California's magazine manufacture/sale size limit has an exemption for "a rimfire tube ammunition feeding device." I wonder if I could design something that conformed with the letter of the law...

fletcher
August 10, 2007, 12:23 PM
OK. Now that that's clarified, I'll see if I can find anything. I'm pretty sure I've seen one before (what Guntech posted may have been it).

AZ Jeff
August 10, 2007, 12:53 PM
Yes, there was a Remington centerfire rifle (a pump, IIRC) that used a spiral tubular magazine.

Someone will come along with the model number, which escapes me, I am sure.

GRIZ22
August 10, 2007, 01:11 PM
Marlin made a rifle for 30 carbine that had a spiral tube magazine so the noses of the rounds did not contact the primers.

DoubleTapDrew
August 10, 2007, 01:33 PM
http://http://en.wikipedia.org/wiki/Remington_model_14
This design incorporated several 'innovative' concepts. Among them was a spiral magazine tube to prevent bullet tips from contacting the primer of the cartridge in front of them.


Here's a cutaway pic of the calico magazine from Max's site:

The calico .22 held 100 rounds. Imagine if you could have a design like that with the barrel going through the center that would comply with the law. That would get DiFi's skorts in a knot!

redneckrepairs
August 10, 2007, 01:38 PM
Remington mod 141 Game Master . I happen to have one in .35 remington that my Grandmother used to kill two bear and uncounted elk and deer.

Max Velocity
August 10, 2007, 01:43 PM
Everything old is new again.

http://www.leverguns.com/images/evans1.jpg

Produced from 1873 to 1879, the Evans looks quite unlike most all other leverguns.

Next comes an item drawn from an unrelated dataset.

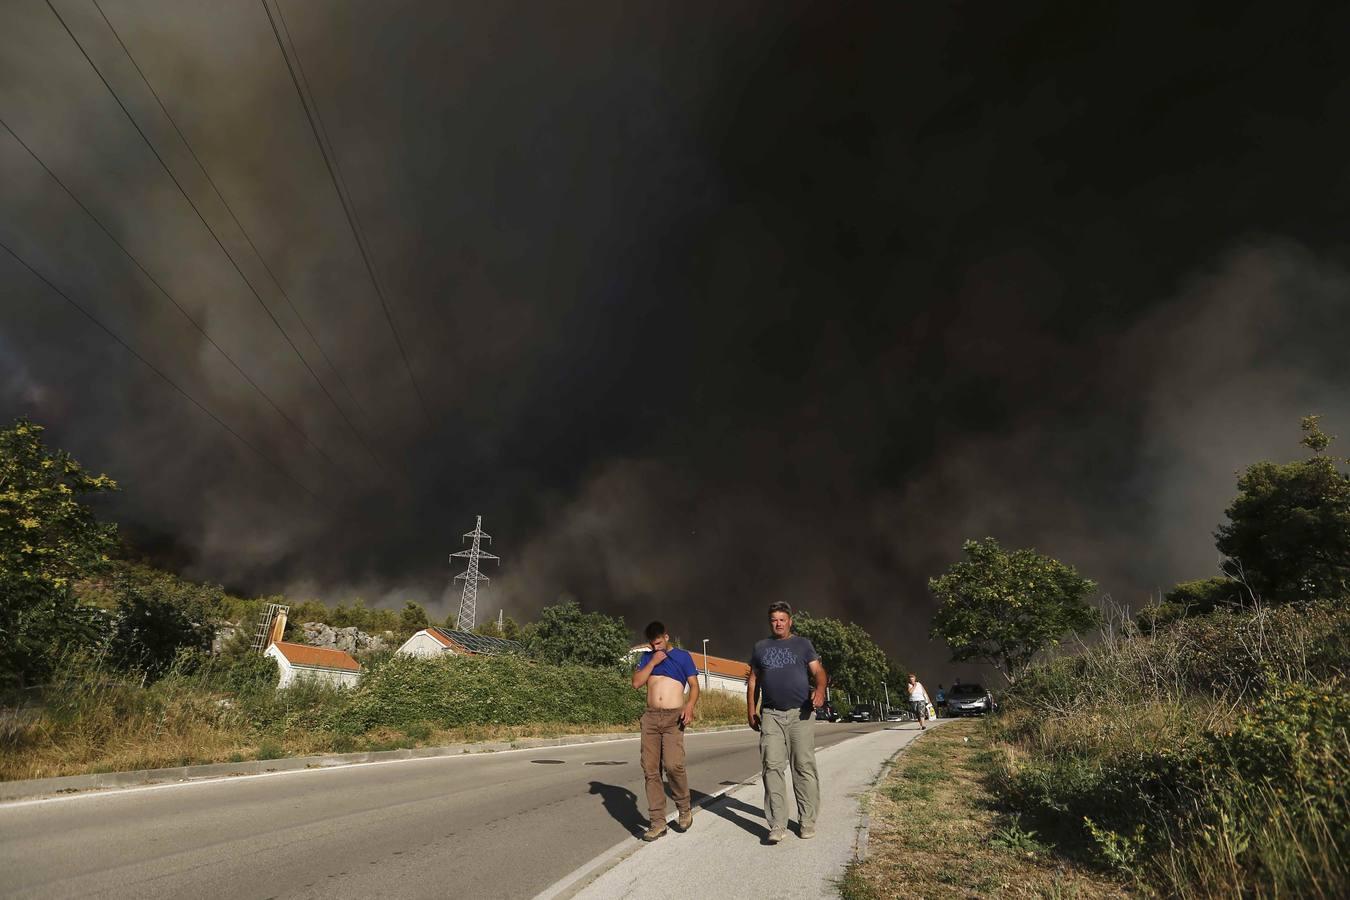 Croacia lucha contra un incendio forestal en Mravinc, cerca de Split

Made in .44 Evans Centerfire caliber, the rifle was a unique one in other ways besides appearance. It was loaded through the butt, where the helical magazine held 28 to 34 rounds, depending on the model. It holds the distinction of being the highest capacity levergun ever produced.

hksw
August 10, 2007, 07:44 PM
California's magazine manufacture/sale size limit has an exemption for "a rimfire tube ammunition feeding device." I wonder if I could design something that conformed with the letter of the law...

Well, here's the problem as I see it. I don't know of any modern rimfire tube fed rifle that did not require a plunger tube to provide force to push the rounds rearward into the receiver when the action is worked. Snaking a plunger into and out of the helical tube mag probably would require some work taking much longer than shoving a straight plunger into a straight tube. In a straight tube that has a lot of clearance between the rounds and the tube, there is very little drag and friction between the two. With a spiral mag, the rounds would see more drag and friction against the walls of the tube.

But, this is all IMO. Could be wrong and it wouldn't be the first time for me.

SDC
August 10, 2007, 07:50 PM
You could do it the way the Calicos do it, by having the inner "half" of the tube actually be part of the follower, that forces the rounds towards the feedlips as it turns, OR by having a slot along the inner part of the tube that allows a follower to stick through from the inside.